The un-carved block

Exciting things are happening all around me lately: the launch of the Program in Neuroendocrine and Carcinoid Tumors and its website at Dana-Farber, the significant growth in the number of teams, participants and fundraising for our local Relay for Life, the success of various fundraising programs, news of new drugs and techniques for the cure of other cancers, the list of discoveries about NET and CS at Dana-Farber and elsewhere…

A few weeks ago, a friend observed that I don’t seem to get outwardly excited about much–even when it seems like I should.

Once, before Jane got sick, I would get excited about things–especially positive things that were going on around me. But the weekly–sometimes daily–sometimes hourly–shifts in prognosis and health during the last four months of her life have made me very reluctant about getting too enthusiastic or too depressed about any single moment or event. That piece of me is so thoroughly traumatized and desensitized that I sometimes feel like a block of un-carved wood.

We were both easily excited and discouraged in the early days of her illness. Cancer that has spread to the liver has no cure, we read. We both started thinking in terms of months. The cancer was rare, but slow-growing, we were told. We had permission to think in years. There was a trial we might qualify for. But then Jane’s tumors were too advanced to qualify. There was a potential heart issue. But we could fix that with an operation. But the valves were more damaged than they first appeared–and that was just part of what we went through in the first month after the diagnosis.

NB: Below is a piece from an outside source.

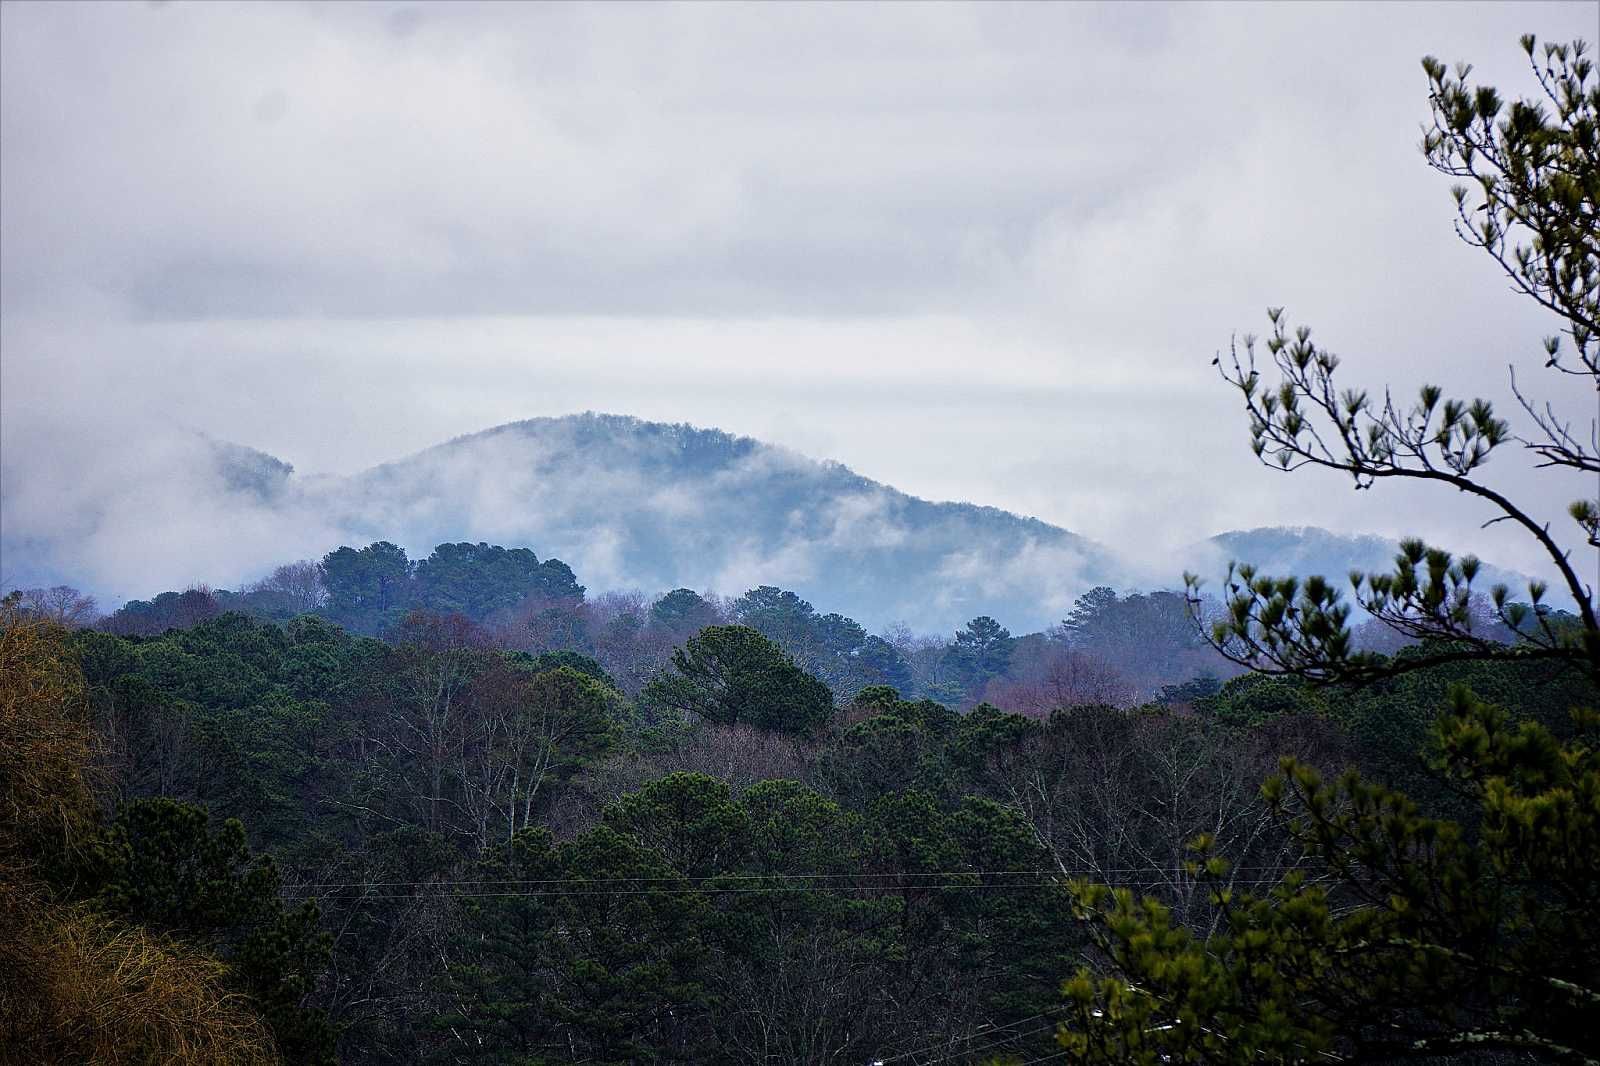 A mountain covered in fog with trees in the foreground

We were thrilled when her appetite returned after her first injection–just as we had been thrilled the day after she got the first medication for the swelling in her legs and found the stairs effortless again. Neither effect lasted more than 48 hours.

The days in the hospital spun us around sometimes hourly–and on December 9, we went from planning what we would do when she got out of rehab to me trying to wrap my mind around her impending death within what seemed like minutes.

Now it does not matter how good or bad the news is–my response is perpetually tempered by the expectation that everything could change before I have even had time to adjust.

I don’t know what that makes me. I don’t know if it makes me a more effective advocate or a less effective one. I don’t know whether that makes me a better or worse human being. I only know that it is who and what I have become.

I will get excited again some day, I think. Sometimes I allow myself the daydream of the day we put this cancer to rest–the day we unravel enough of its mystery that it is as vulnerable as it left Jane at the end.

I tear up at the thought.

But I know we are not there yet–and that it is not yet time to celebrate.